İnsanlar zaman zaman aynı düşündükleri, benzer değerlere sahip oldukları, ortak yaşanmışlıkları hatta adanmışlıkları olan arkadaş gruplarıyla yol ayrımı yaşayabilirler.
Böyle olması ne ilk, ne de sondur.
Yani, bu sadece bugünün sorunu ve yalnız bizim başımıza gelen bir olay değildir.
Zaman zaman belirli bir arkadaş grubu içinde ortak referanslara sahip olduğumuz din tanımı ve algımız üzerine yaşadığımız farklı pratikler ve düşünce biçimlerimizde ortaya çıkan problemler üzerine birkaç cümle söylemek lazım gelirse eğer, dün birçok kavram ve terimlere yüklediğimiz anlamlara bağlı olarak krizler yaşıyoruz demektir.
Esasen yaşanan kriz, geçmişe dair inandığımız ve kabullendiğimiz ortak referanslardan kaynaklanmaktadır.
Şurası muhakkaktır ki, bizler statik ilahi buyruklara bağlı kalarak gündelik hayatımızın, içine doğduğumuz ve yaşadığımız kültürün etkisinin yanısıra, kitaptan öğrendiğimiz sabit ilkelerden de beslenerek inançlarımızın bildirdiği temel değerlere bağlı pratikler ortaya koyup yeni bir dini yaşam, pratikler ve düşünme biçimleri inşa ediyoruz.
Bizlerin beşeri bir gayret ve çaba ile dine dair rettiğimiz düşünce ve pratikleri doğrudan din olarak tanımlayamaz ve tanımladığımız dini anlayışı başkalarına dayatamayız.
Böyle bir hakkımız olmadığı gibi bu bizim görevimizde değildir.
Bu sebeple, ortaya çıkan pratikler ve düşünme biçimi sadece bizlerin dinden anladığı ve yüklediği anlamdan ibarettir.
Dün birlikte inandığımız değerler ve o değerler üzerine bina ettiğimiz düşünceler, ortaya koyduğumuz pratikler ve gelecek tasavvur ve hayellerimizde farklılık veya ayrılık yaşıyoruz diye hiç kimseyi dinden aforoz etmeye hakkımız yoktur.
Yapmamız gereken ayrılıkları ve farklılıkları kabul ederek yol yürümek, yeni yoldaşlar edinmek, hayatımıza anlam katmaktır.
Ancak hem bu ilkelere sadakatın devam ettiğini söylemek ve hem de bu ilkeleri sırtına dönmek veya dönenleri meşrulaştırma çabasına girmek tutarsızlık olur.

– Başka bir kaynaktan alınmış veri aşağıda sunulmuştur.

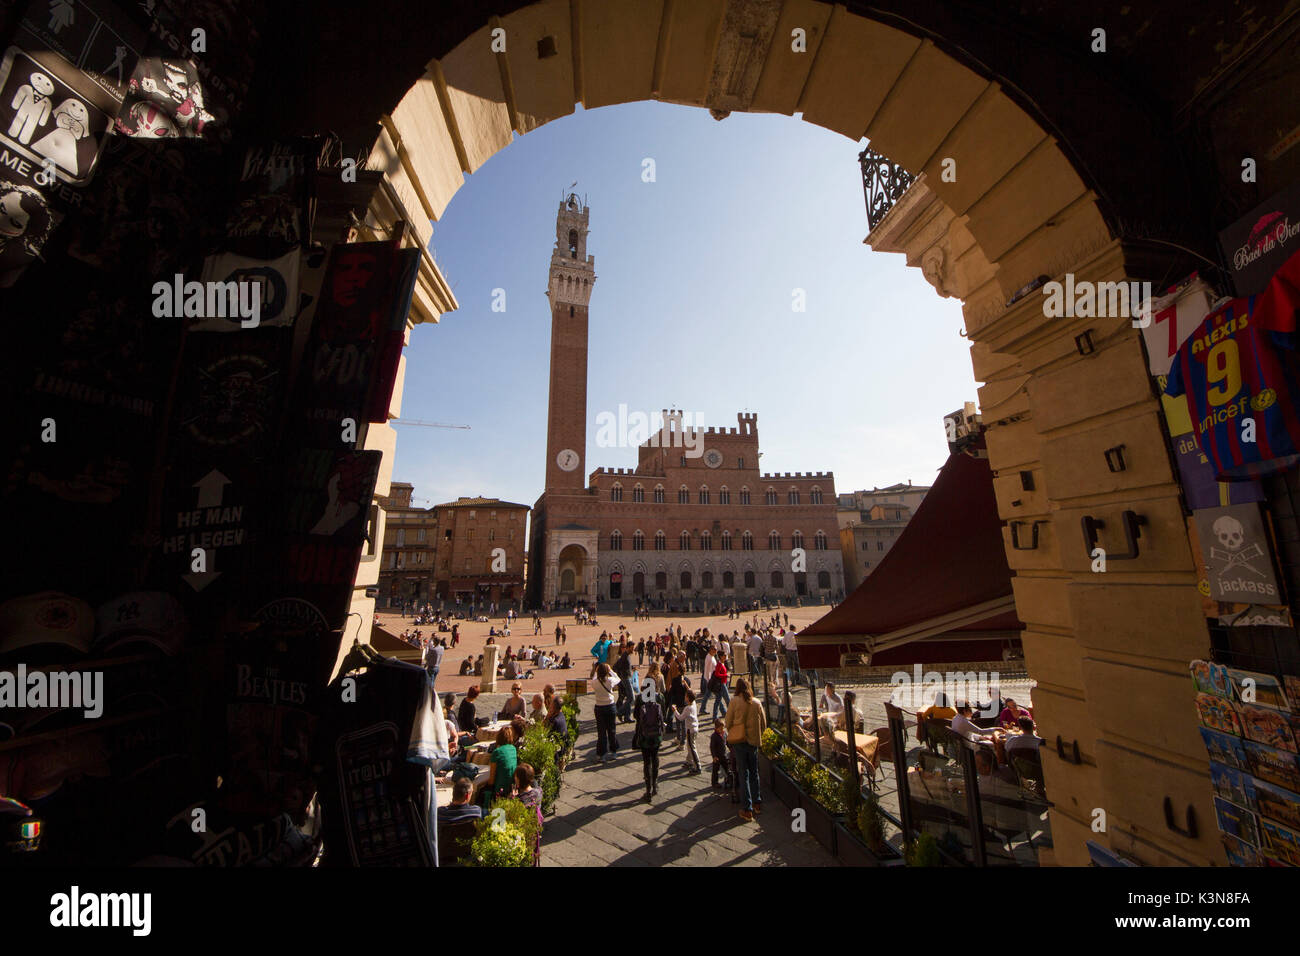 Le Palais Public et la Torre del Mangia vue depuis l'une des entrées de la Piazza del Campo, Sienne, Toscane, Italie Banque D'Images

Her tutarsızlık ise ikiyüzlülüğe ve çift kişilikli olmayı çağırır.
Bu bakımdan bazı ikaz, uyarıda bulunmak ve tavır almak abes değil, tam aksine gerekli ve yerinde bir davranıştır.
Gereklidir çünkü, dostun dosta uyarması bir vazifedir.
Gereklidir çünkü, bu tavır alış kendimize saygının gereğidir.
Dostlar, arkadaşlar, yoldaşlar olarak yaşanan ayrılıkları bu perspektiften bakmakta fayda var.
Doğrusu ben böyle bakarak davranmaya, uyarı ve ikazlar fayda vermiyorsa bu ayrılık üreten ve ilişkileri zedeleyen, insanı daraltan ortamlardan ve kişilerden uzak durmayı tercih ediyorum.
Böyle davranmanın daha sağlıklı ve değerli olduğunu düşünüyorum.
Birbirimizi ikna etmek gibi görevimiz olmadığı gibi aynı düşünmediğimiz, inanmadığımız halde, hiçbir ayrılık gayrılık yokmuş gibi davranmayı da ahlaki bulmuyorum.